• Task requirements
Take the lines in the listing below from the line with "Marcelo Moreno, new" up to and including the line with "Animal Themes Throw" and set them down exactly, skipping pictures and adding nothing.

• Records for the exercise
'''

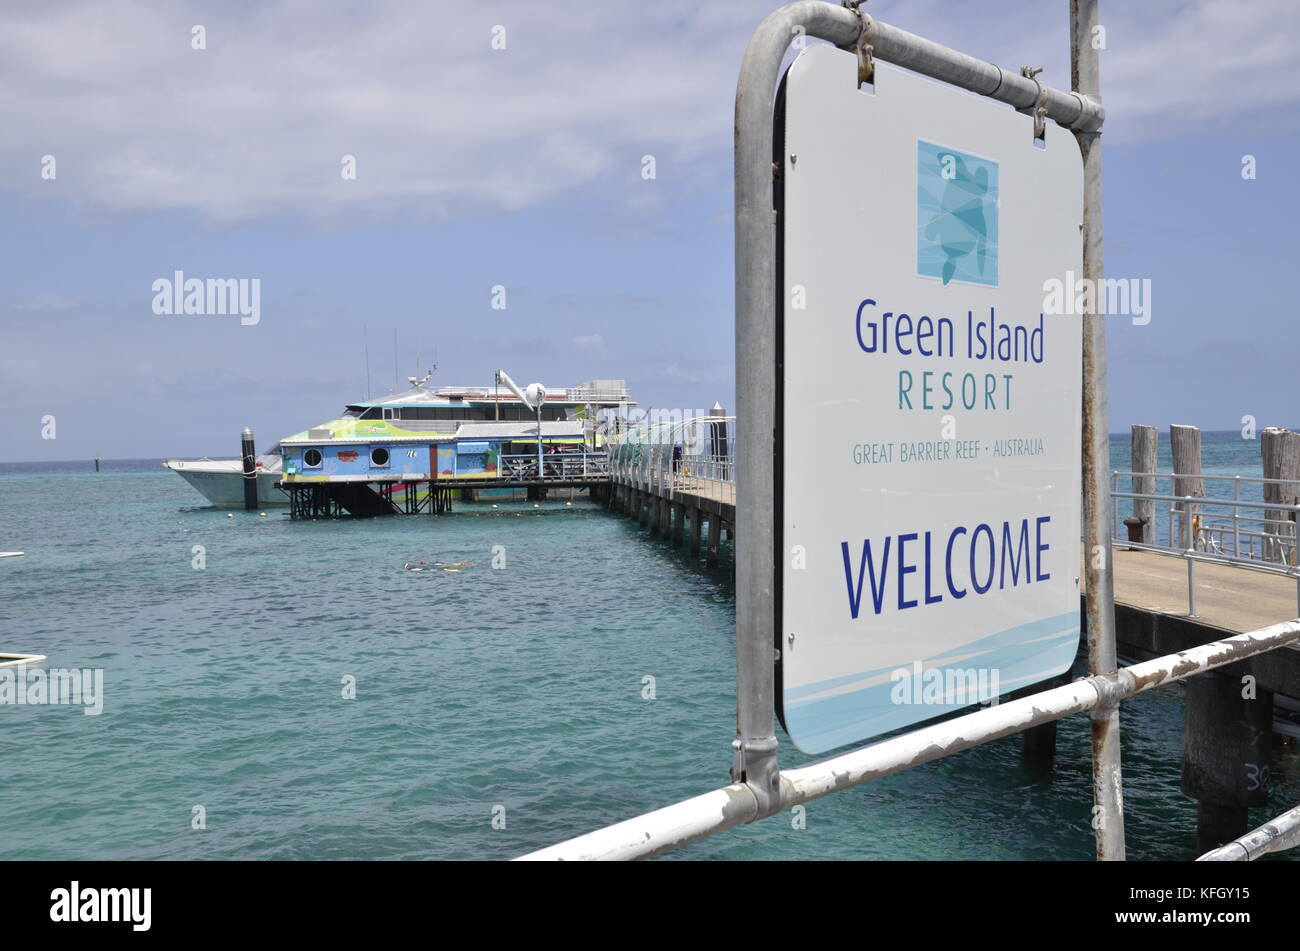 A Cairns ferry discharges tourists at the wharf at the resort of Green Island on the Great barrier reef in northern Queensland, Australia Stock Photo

'''
'''

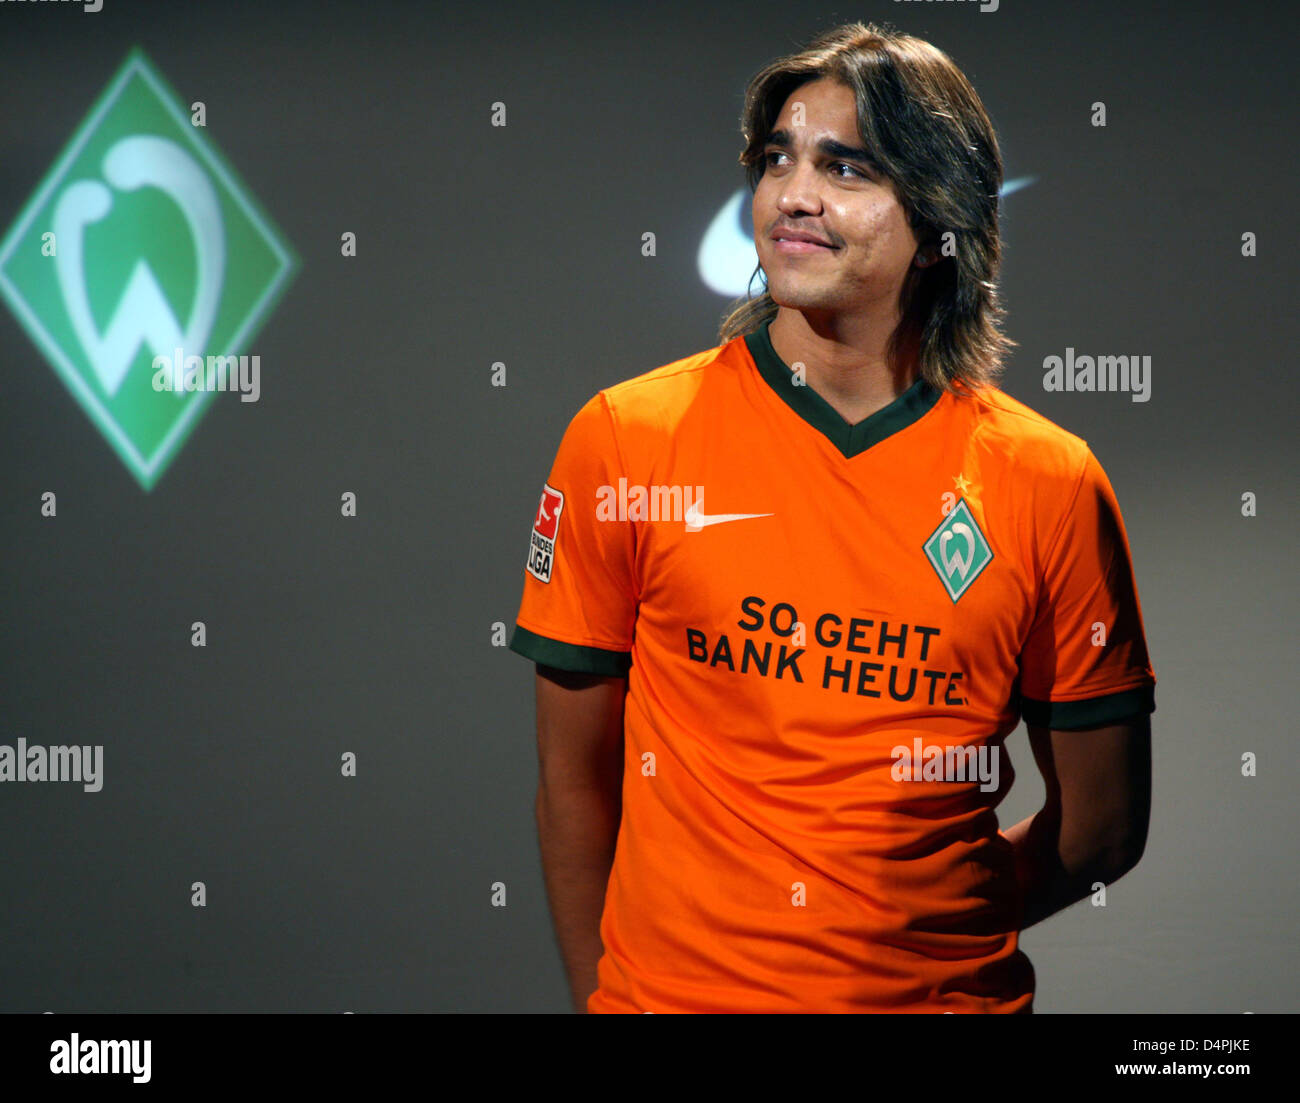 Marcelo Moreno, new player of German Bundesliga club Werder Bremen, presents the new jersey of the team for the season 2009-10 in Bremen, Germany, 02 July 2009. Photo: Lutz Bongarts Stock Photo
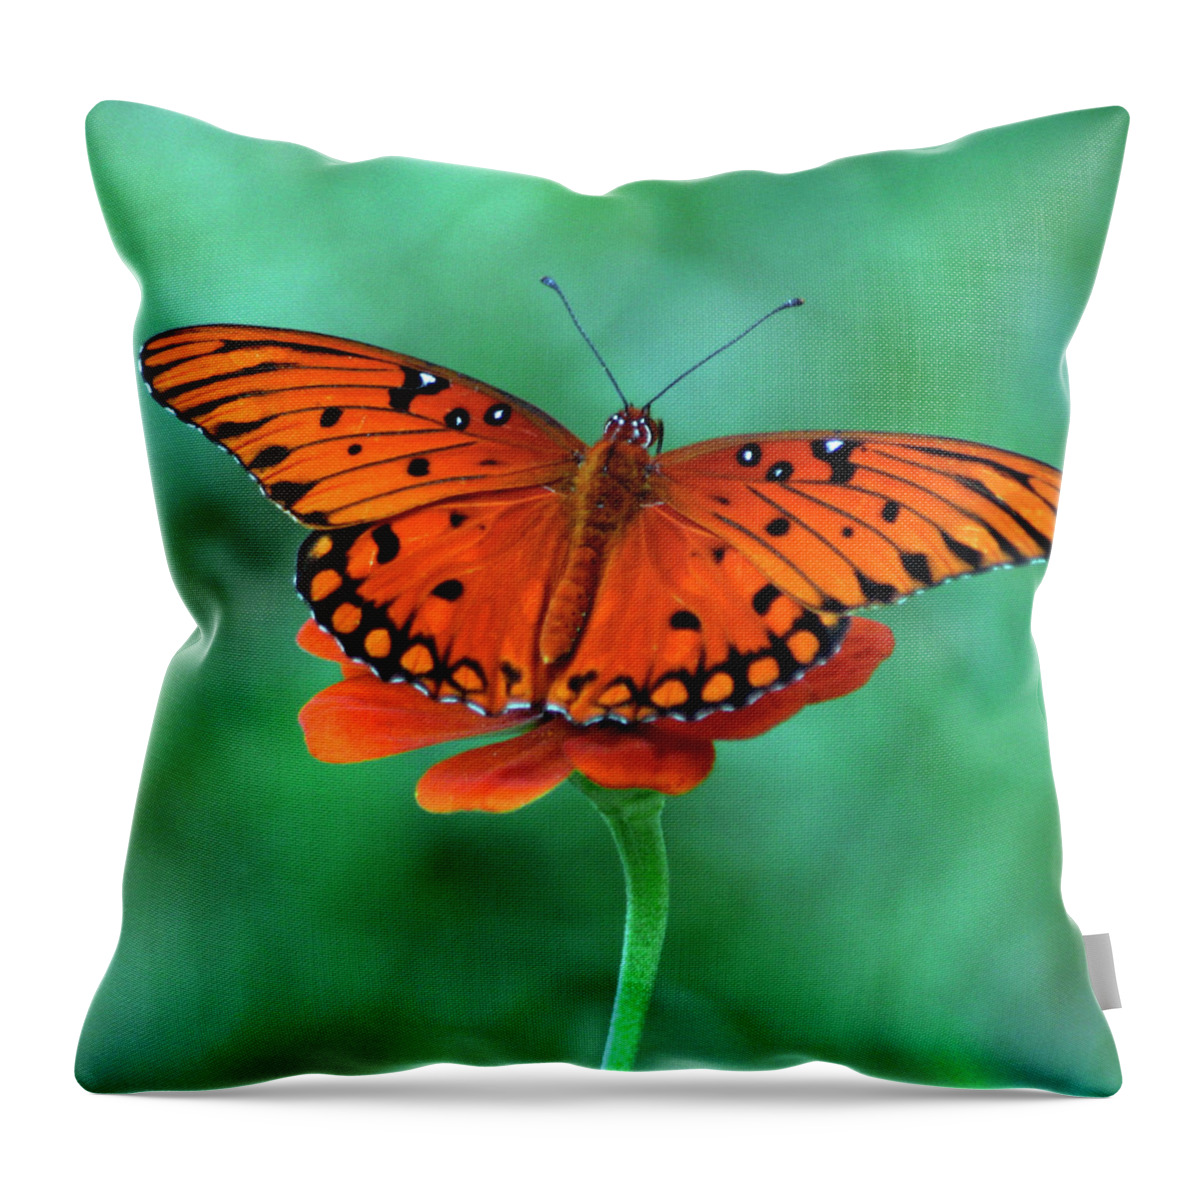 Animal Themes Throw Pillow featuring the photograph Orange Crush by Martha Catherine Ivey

'''
'''

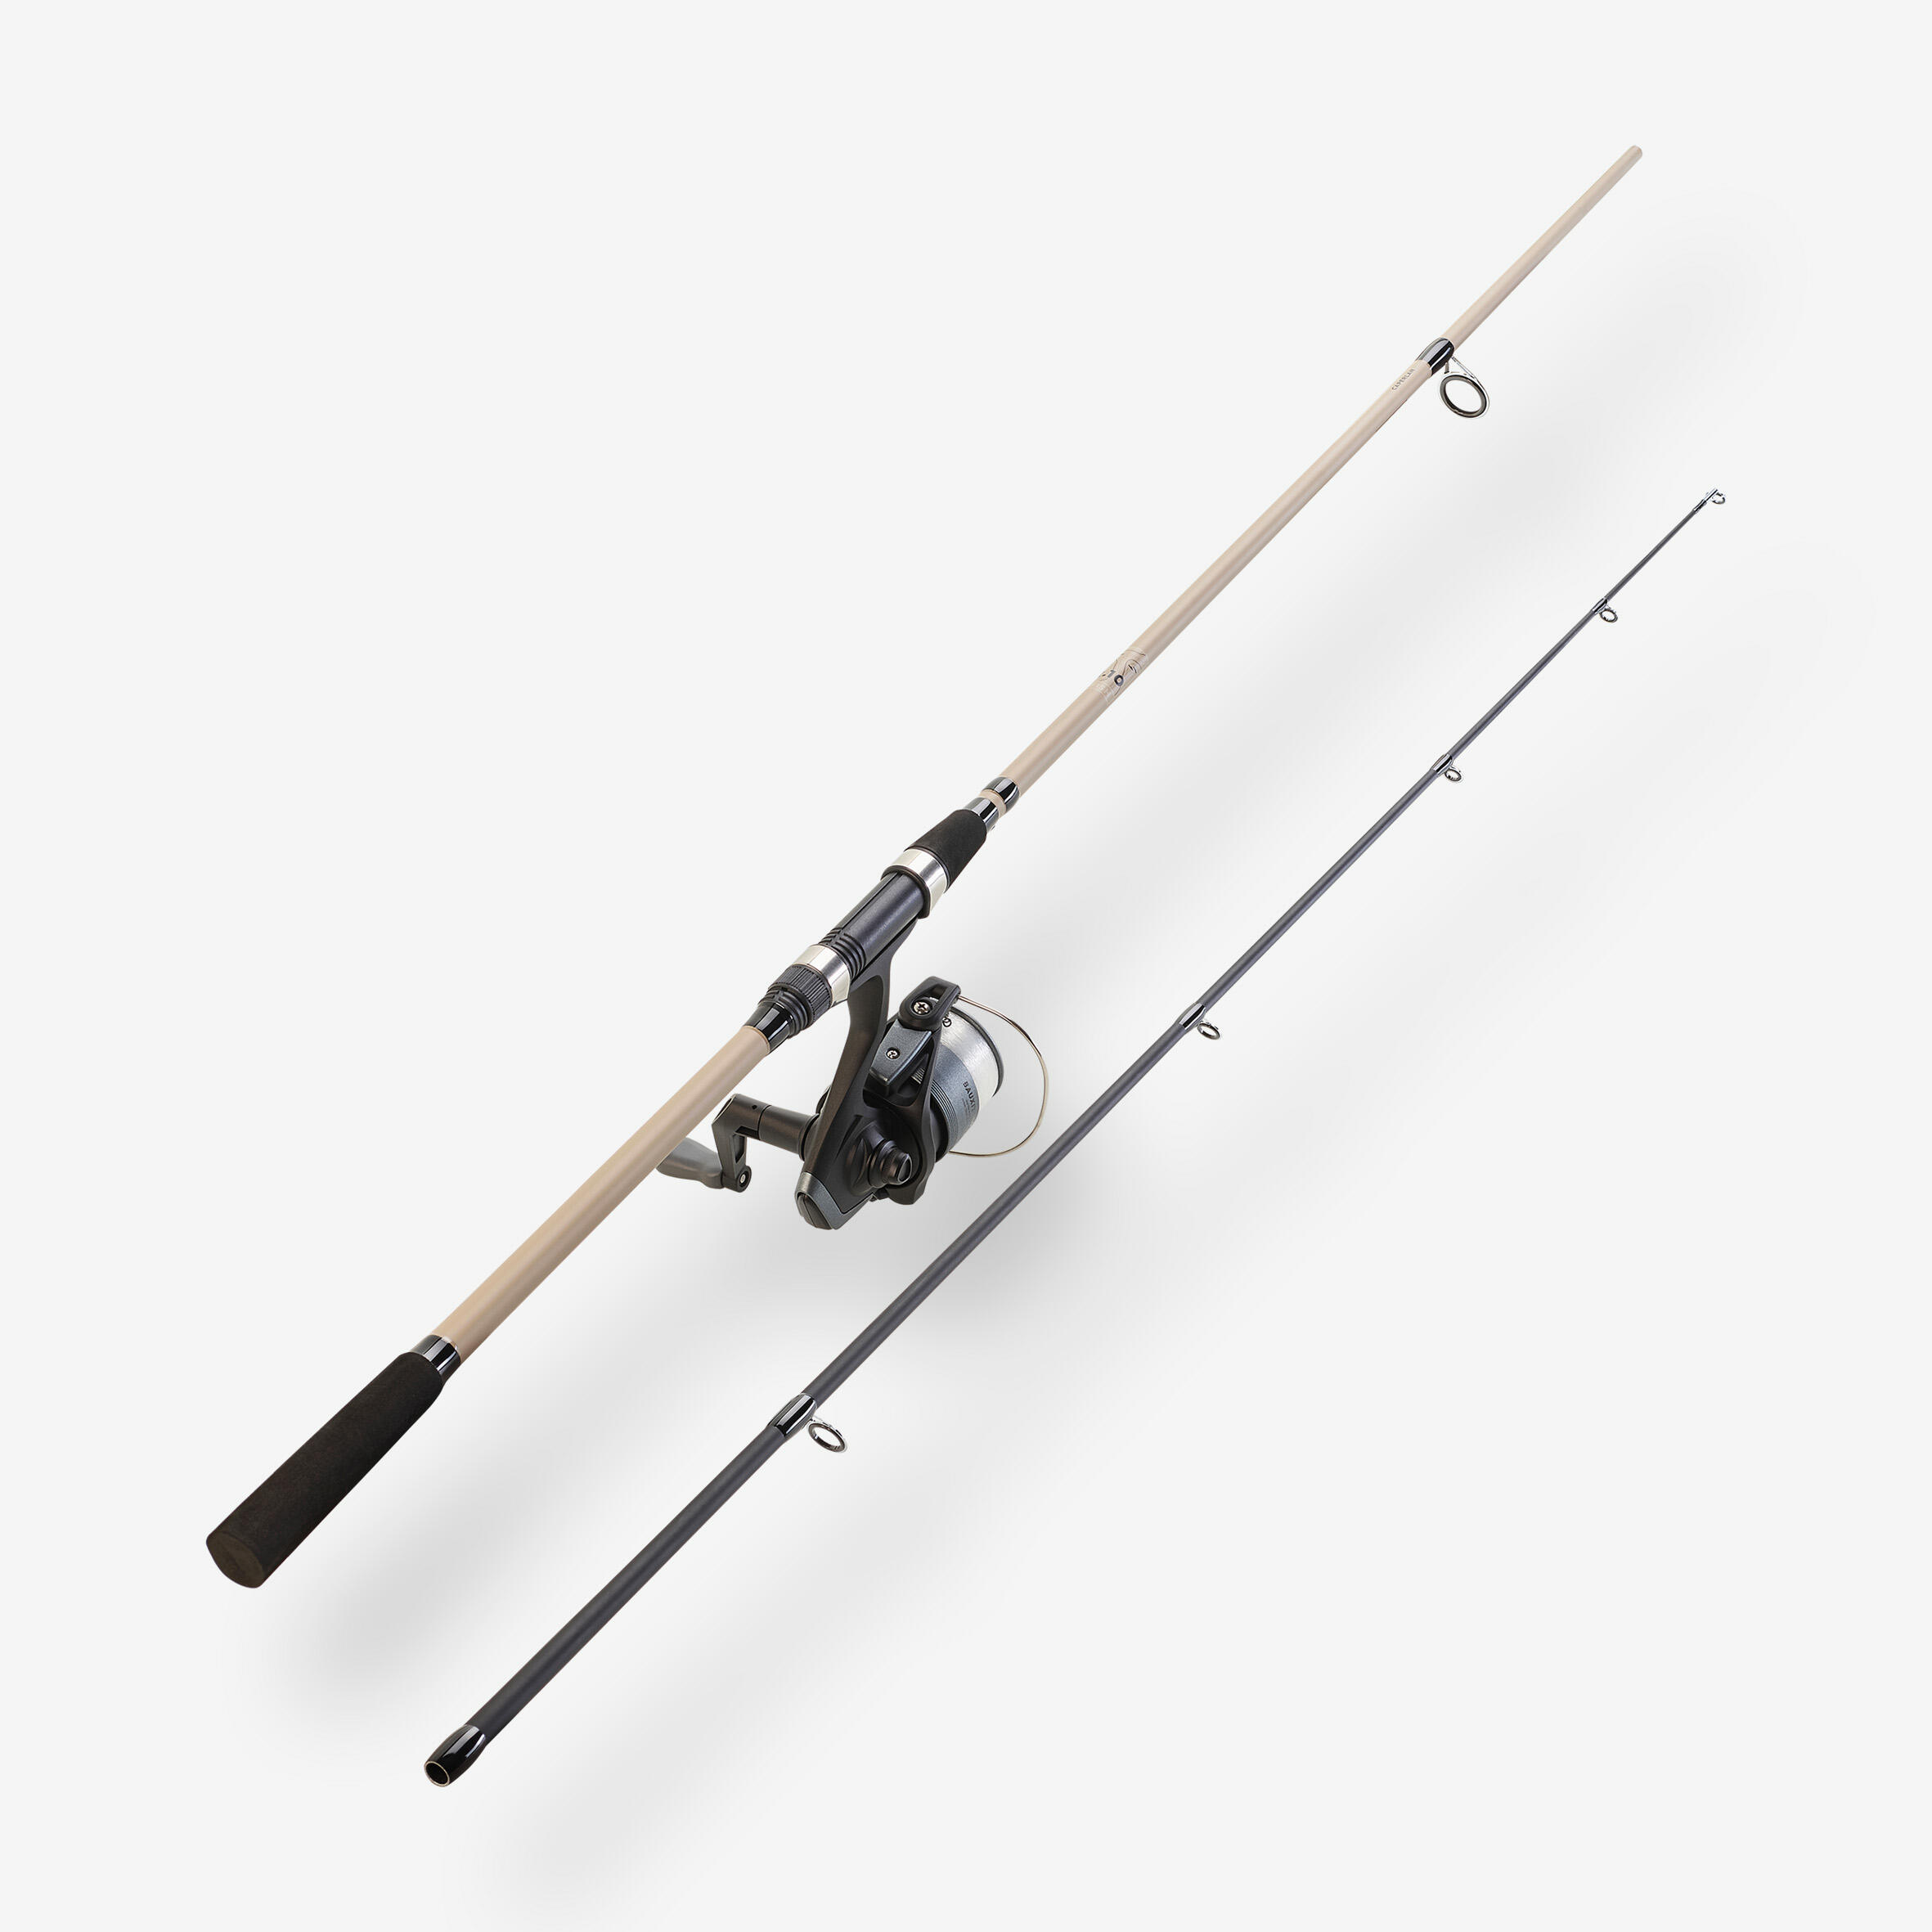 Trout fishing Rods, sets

'''

• Answer space
 Marcelo Moreno, new player of German Bundesliga club Werder Bremen, presents the new jersey of the team for the season 2009-10 in Bremen, Germany, 02 July 2009. Photo: Lutz Bongarts Stock Photo
 Animal Themes Throw Pillow featuring the photograph Orange Crush by Martha Catherine Ivey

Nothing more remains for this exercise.